Then a viola struck up a chord and its almost awkward combinations of plucking and strained notes added to the apparent conflict and confusion portrayed by dancers, who at timed seemed to be in battle, or in a street fight. Bonachella very often gets his dancers to use one as counter-balances, and one of the signature movements, which I'd seen before at Snape Maltings, was when one falls backwards and is caught by the back of the neck by another dancer, suspended for a second.

This was by no means an harmonious piece, with the accompanying music and movements of the dancers very fast, erratic and jarring. All six dancers stayed on stage the entire time, with couples highlighted for different sections while the others swayed and shrunk into the background. The speed and precision with which they moved was awe-inspiring and it was totally captivating.

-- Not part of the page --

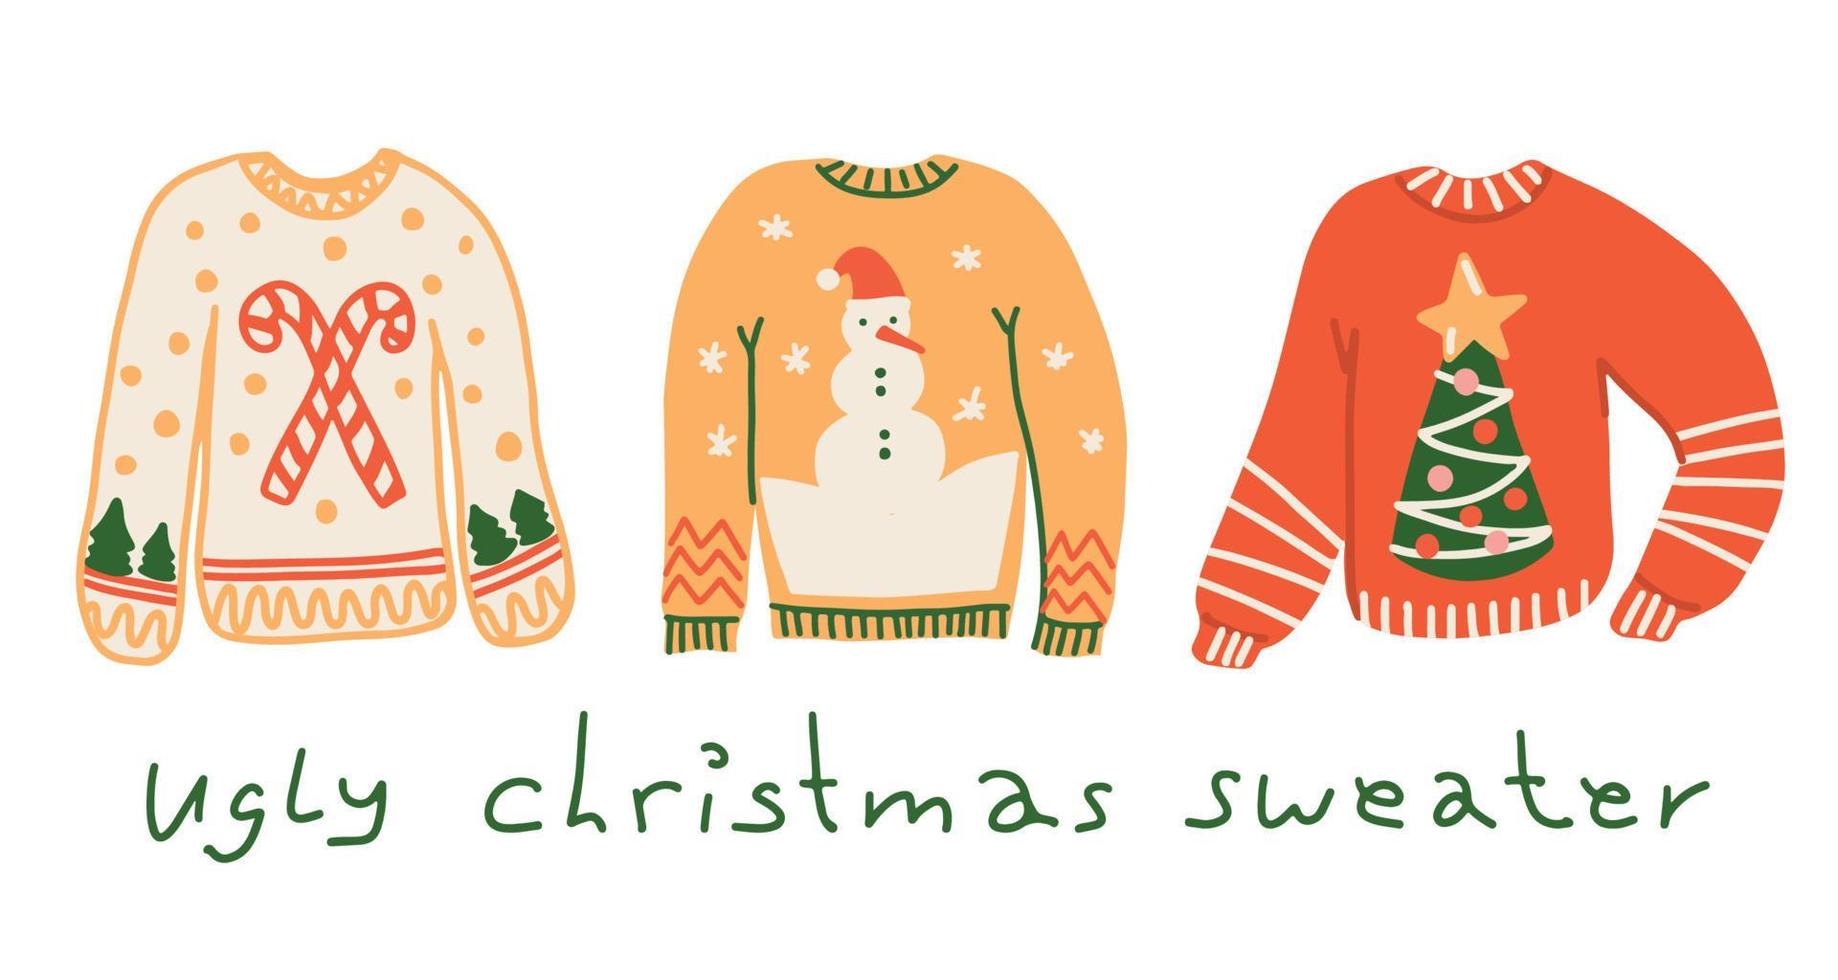 Set of ugly Christmas sweaters. Cute and funny traditional knitted sweaters decorated with Christmas tree, snowman and candy cane. Hand drawn cartoon style vector illustration

Set Boundaries was the second of the pieces, and in this there was a more obvious connection to the theme voices, as the choir group The Sixteen had given their group voice to the specially commissioned piece of music by Matthew Herbert.

The dancers were dressed minimally, in white pants and vests. In the background, a video projection by Lenka Clayton showed alternating shots of sentinels guarding the North and South Korean borders. Half way through, a voice-over spoke of an Iraqi man's nightmare of being exiled in his own country, of not fitting into or being welcomed into the UK, and the pain of being parted from his family.

The dancers moved with such beauty, precision and certainty as they portrayed their own interpretations of trying to escape, to get out of a confined space, to become free. The white lighting from above helped convey this feeling of being trapped, as if in a prison, as did the basic costumes, which created a sense of minimalism. The movements were mainly fast, furious and precise, and I hardly saw a repeated move the entire time, such is the inventiveness and originality of Bonachella's choreography.

For a one-and-a-half-year-old company, I was bowled over by the professionalism and high quality of dance. Never was there a dull moment, as the choreography constantly challenged and surprised. It was as if Bonachella had created his own, completely new language of contemporary dance. Definitely a company to watch.